:: Task to complete ::
Among the entries below, find the line with "El Nido bahía" and the line with "適切なより多い飢えた★NEW★[innisfree] Super Volcanic". Return exactly those lines and every line between them, but no pictures.

:: Provided material ::

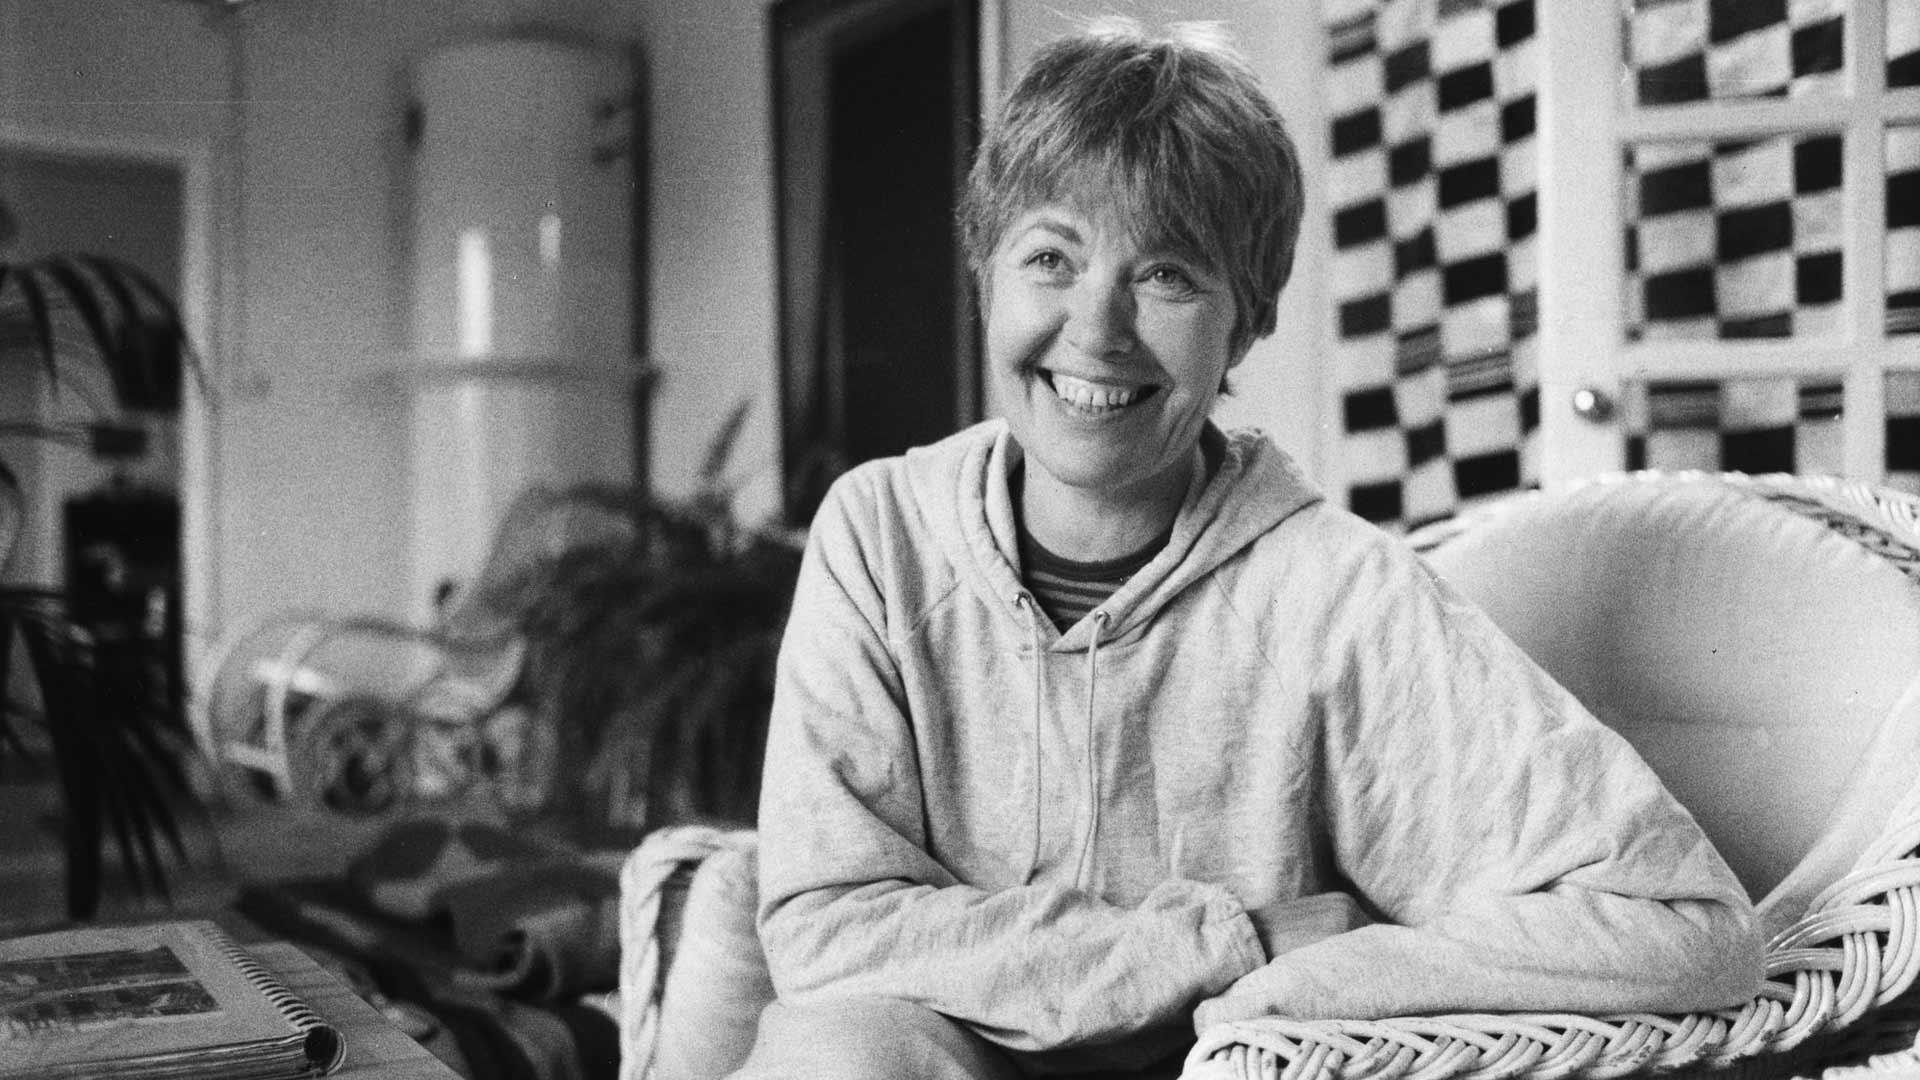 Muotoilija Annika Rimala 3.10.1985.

* * *

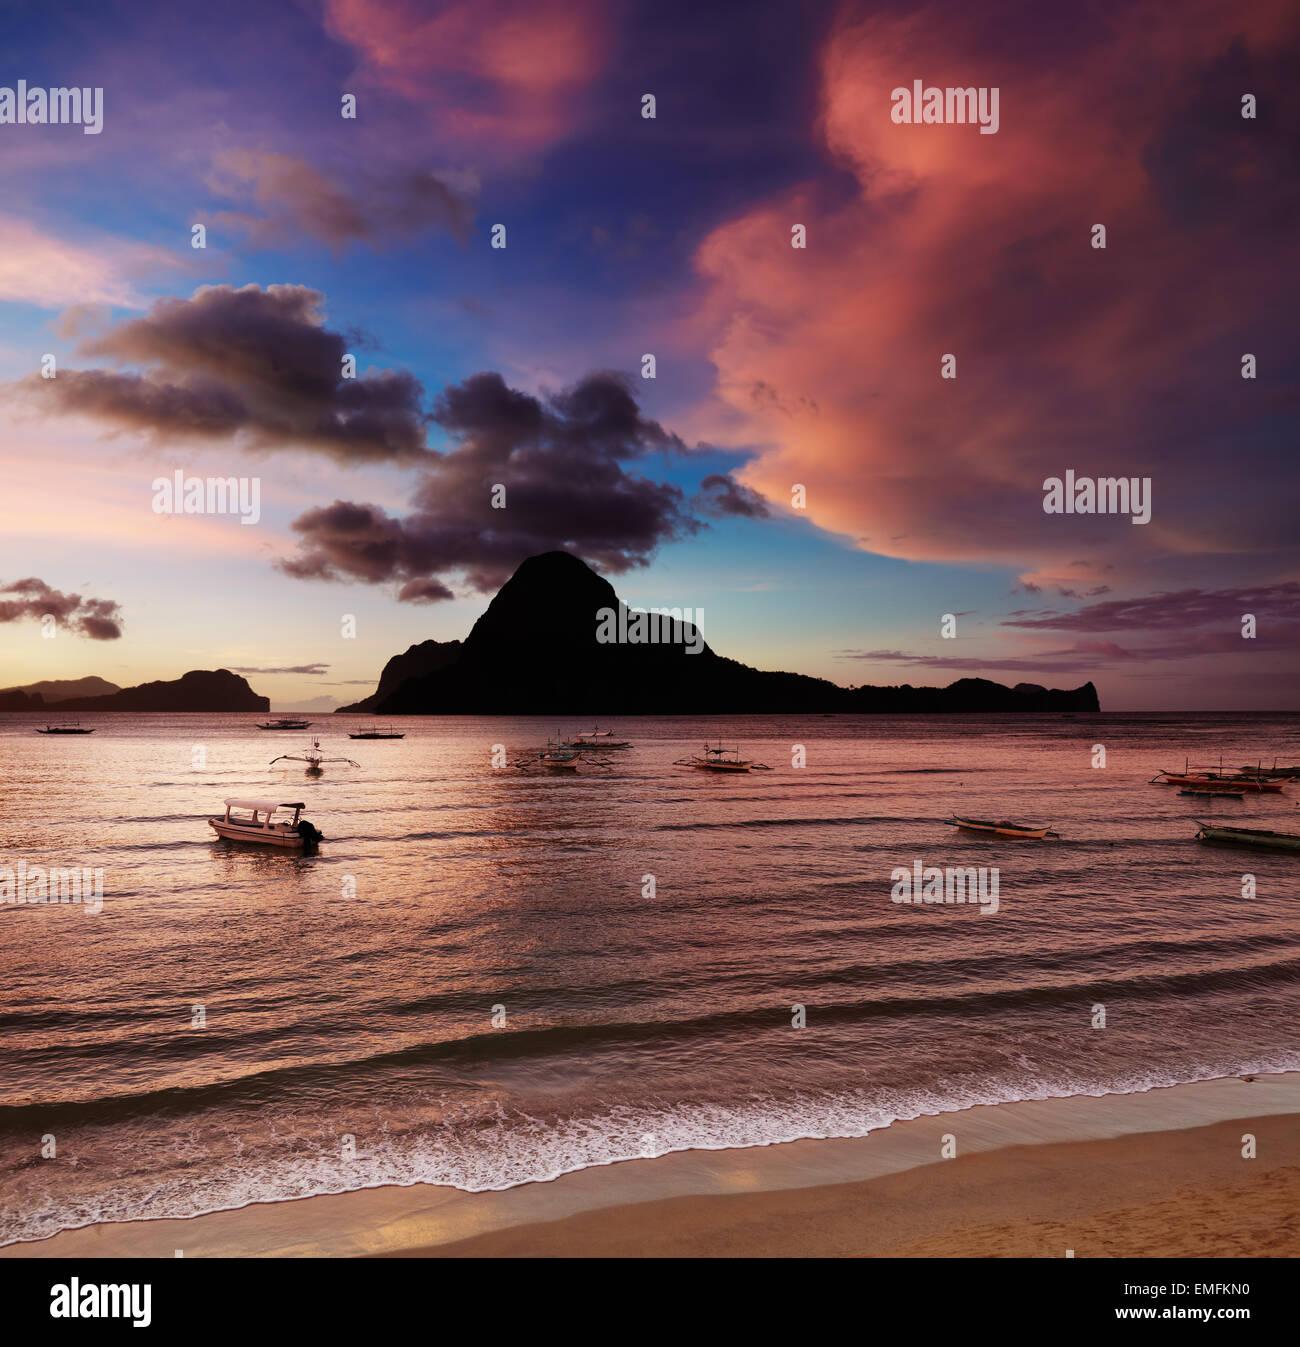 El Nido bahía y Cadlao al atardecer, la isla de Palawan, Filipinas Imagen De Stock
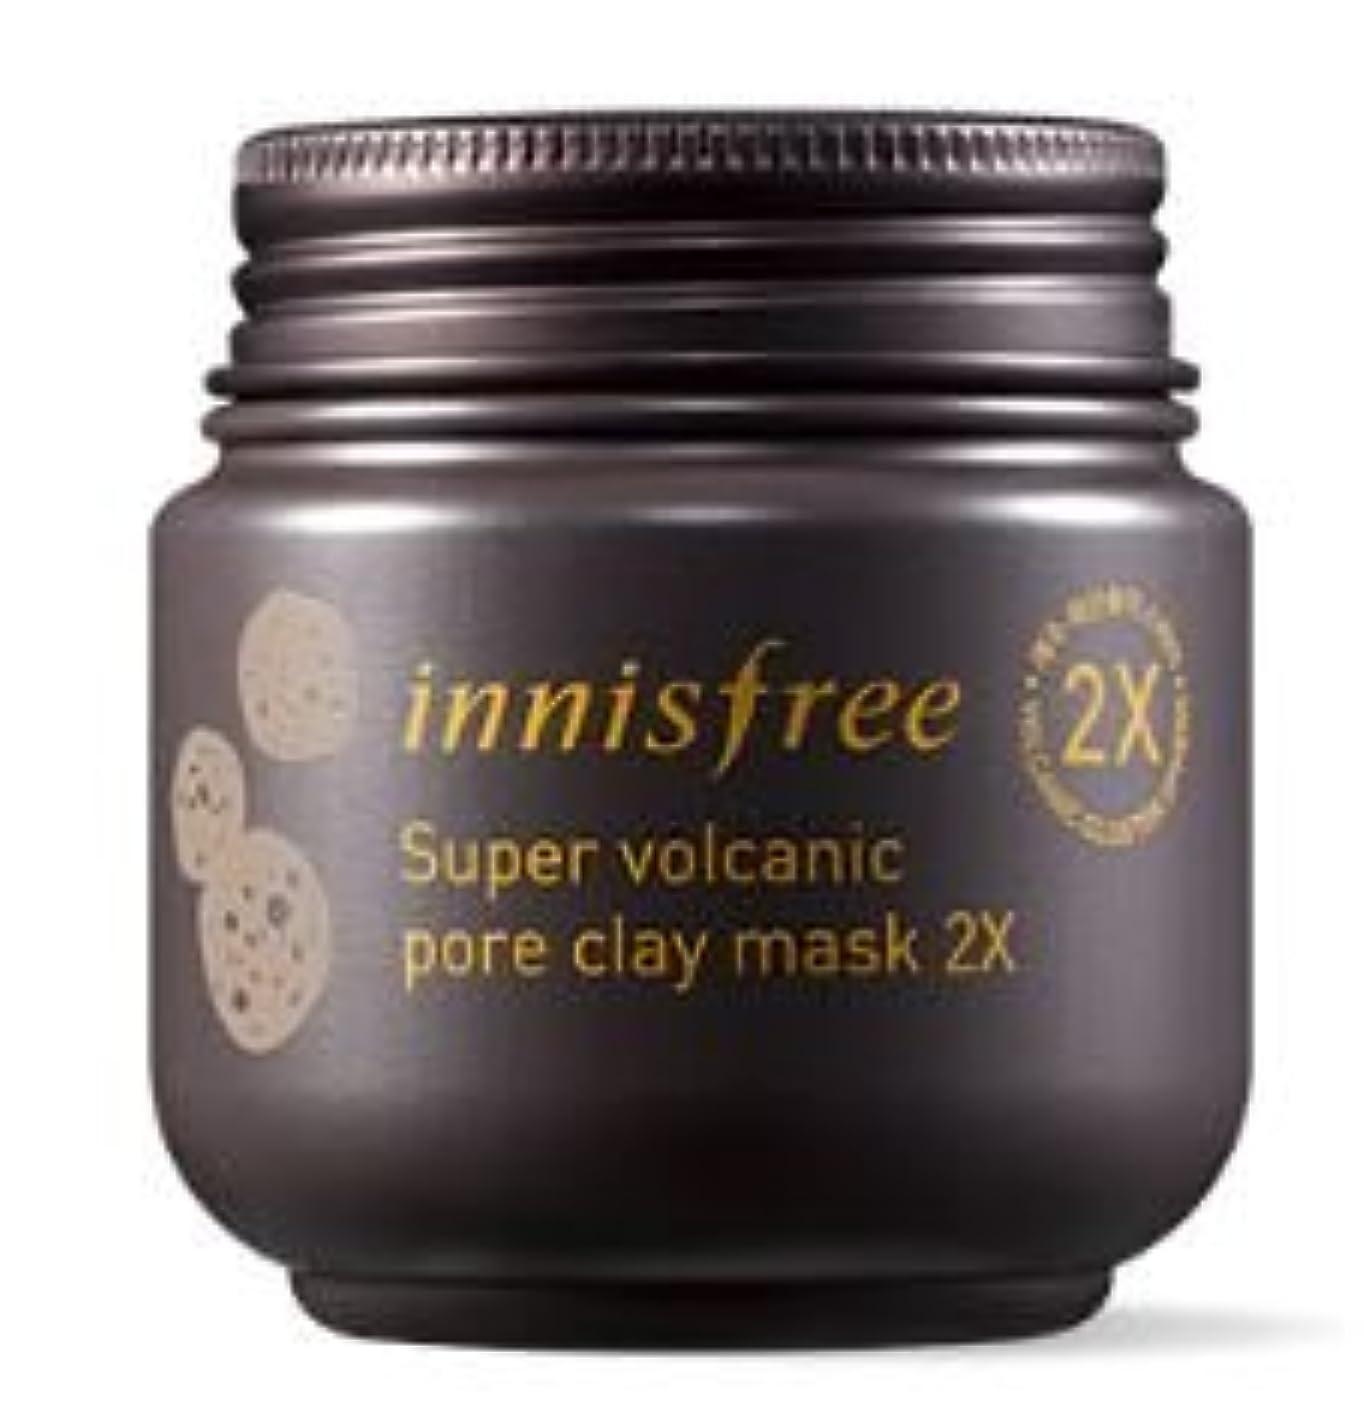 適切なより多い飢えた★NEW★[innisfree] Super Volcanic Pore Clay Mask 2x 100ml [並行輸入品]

--

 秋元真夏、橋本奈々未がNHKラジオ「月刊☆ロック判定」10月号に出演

:: Response box ::
 El Nido bahía y Cadlao al atardecer, la isla de Palawan, Filipinas Imagen De Stock
 適切なより多い飢えた★NEW★[innisfree] Super Volcanic Pore Clay Mask 2x 100ml [並行輸入品]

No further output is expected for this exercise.